What you need to do: Pictures excluded, output the lines of the data below between the one holding "Pope John Cheer" and the one holding "Shiseido Ultimune eye", inclusive, exactly as they stand.

Data section:
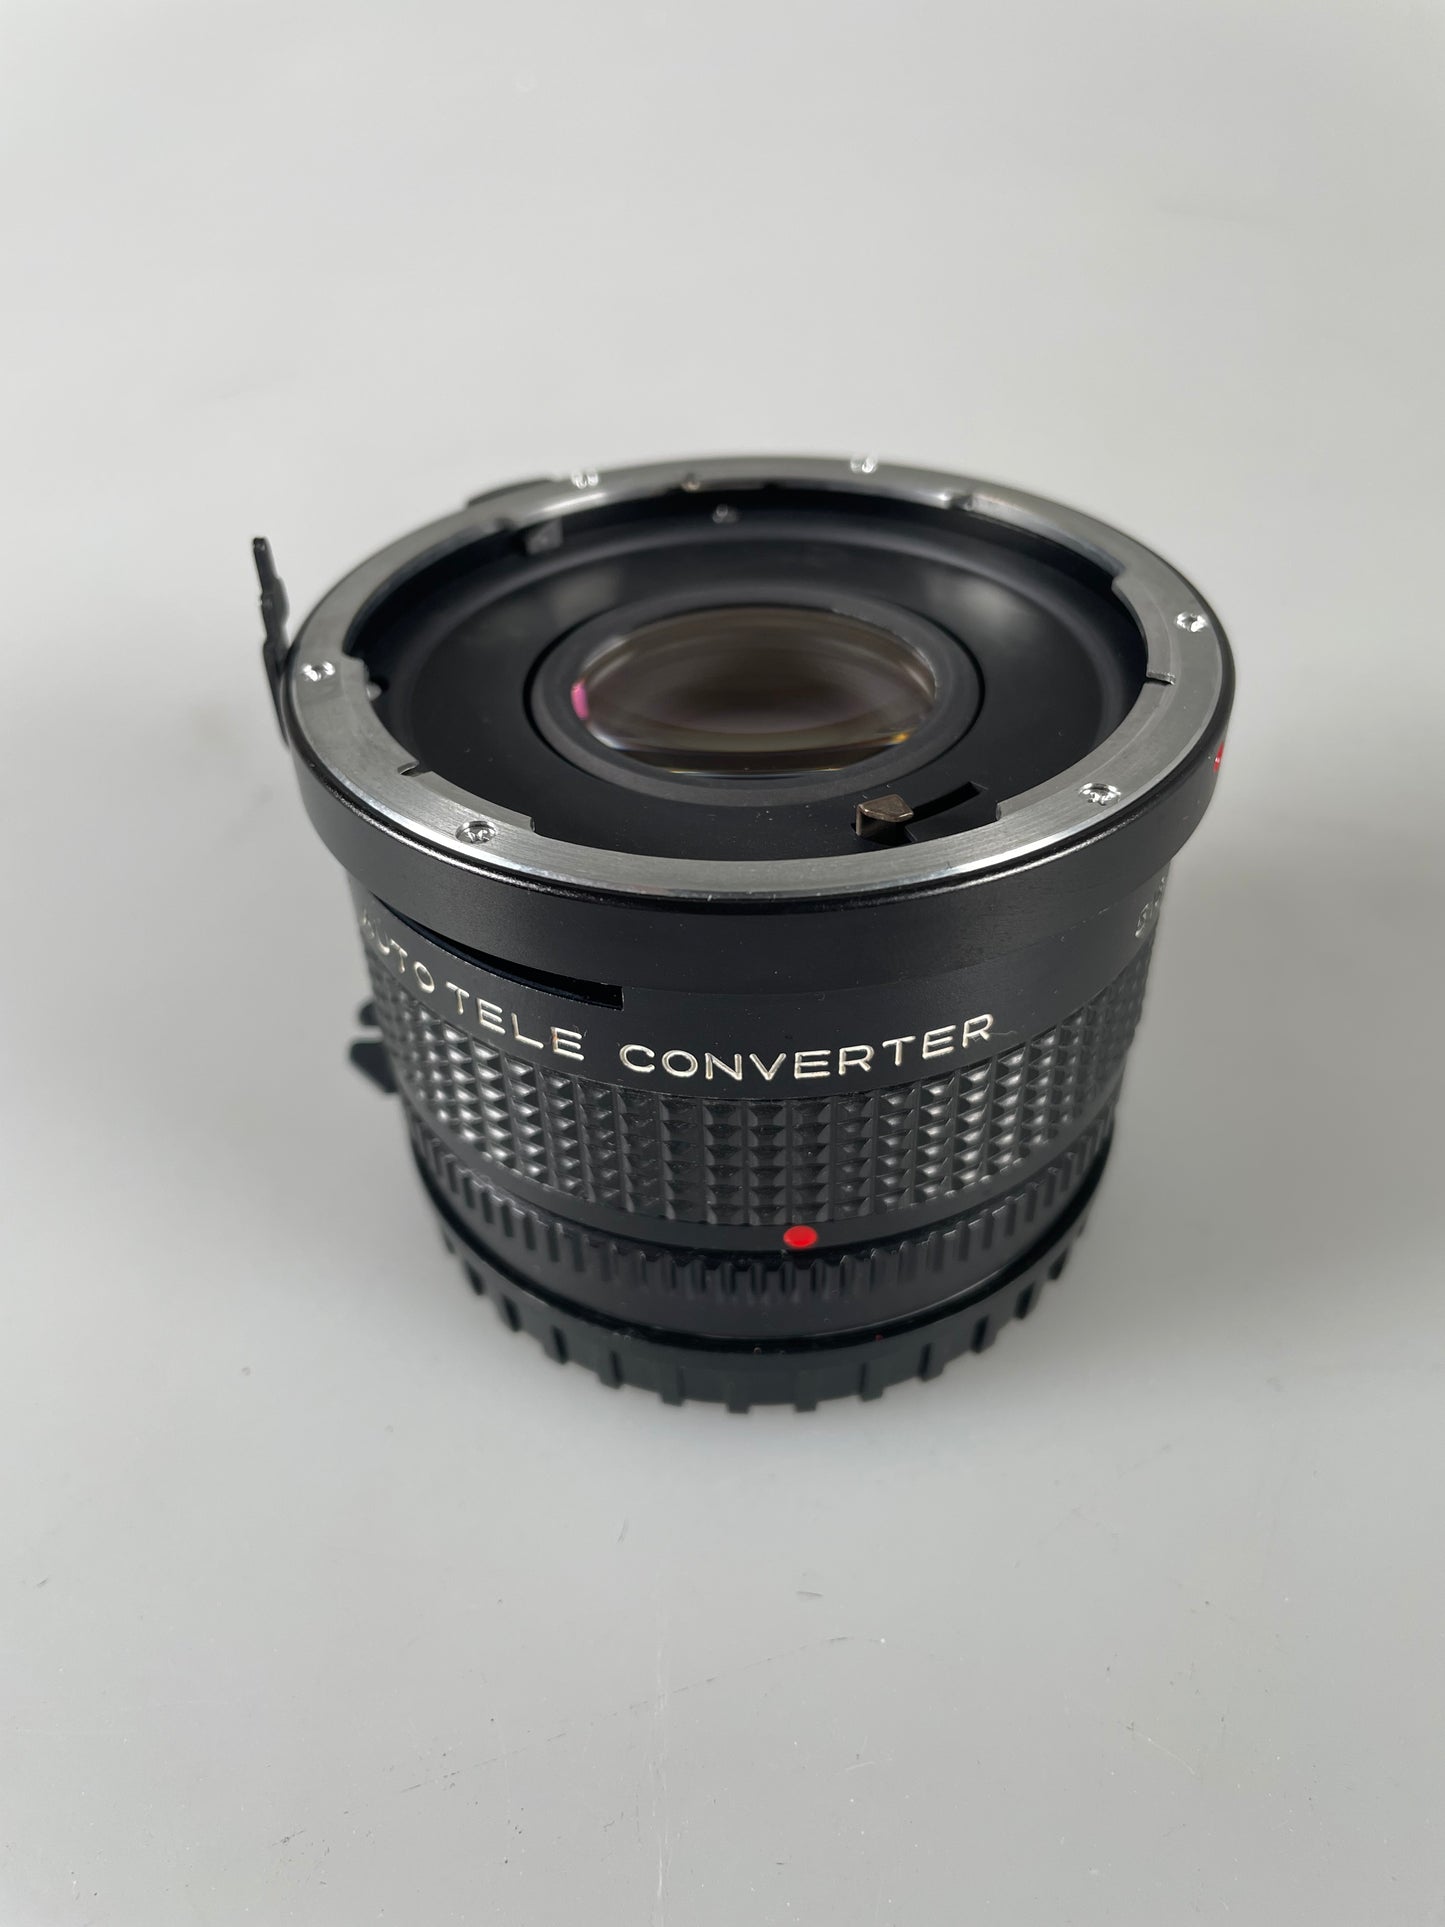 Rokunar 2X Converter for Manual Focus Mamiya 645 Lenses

* * *

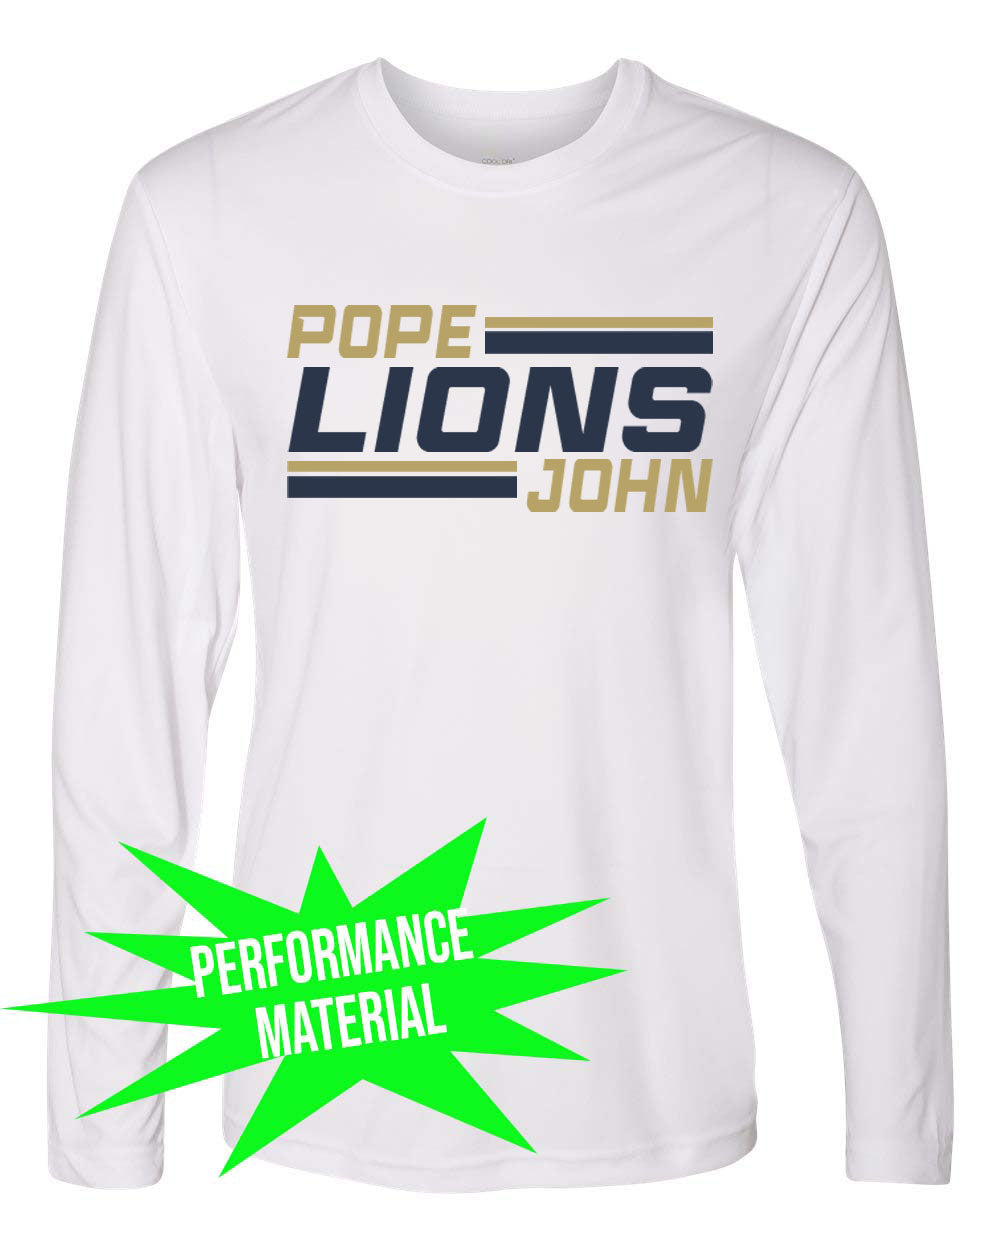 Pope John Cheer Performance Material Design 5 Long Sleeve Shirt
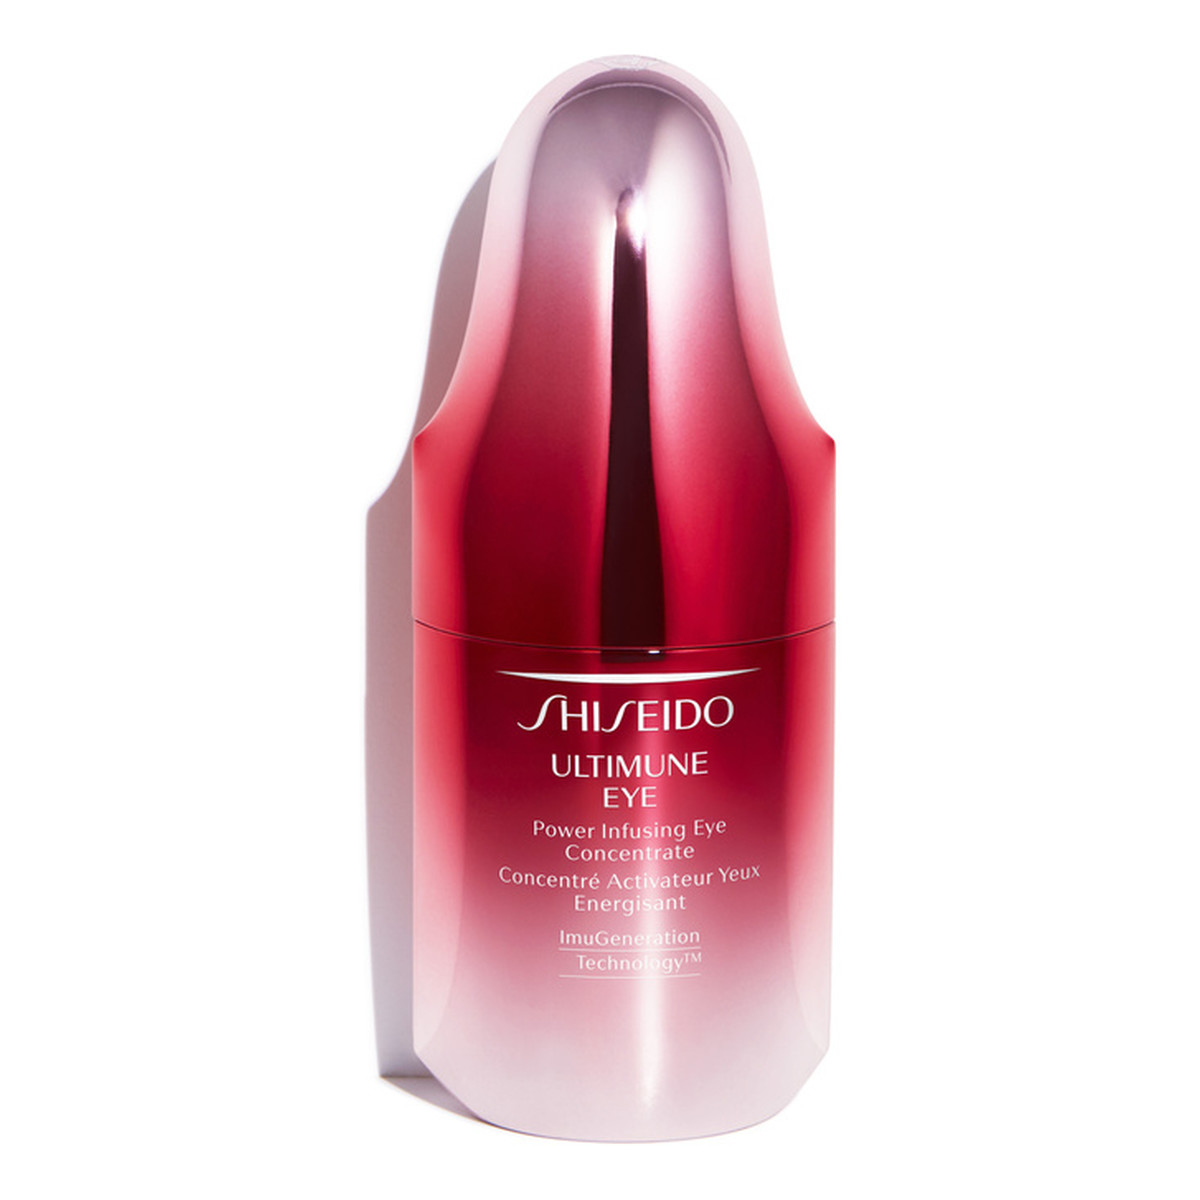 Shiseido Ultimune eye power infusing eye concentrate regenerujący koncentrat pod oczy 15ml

...

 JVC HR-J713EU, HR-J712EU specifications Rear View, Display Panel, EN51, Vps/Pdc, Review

Output for this exercise:
 Pope John Cheer Performance Material Design 5 Long Sleeve Shirt
 Shiseido Ultimune eye power infusing eye concentrate regenerujący koncentrat pod oczy 15ml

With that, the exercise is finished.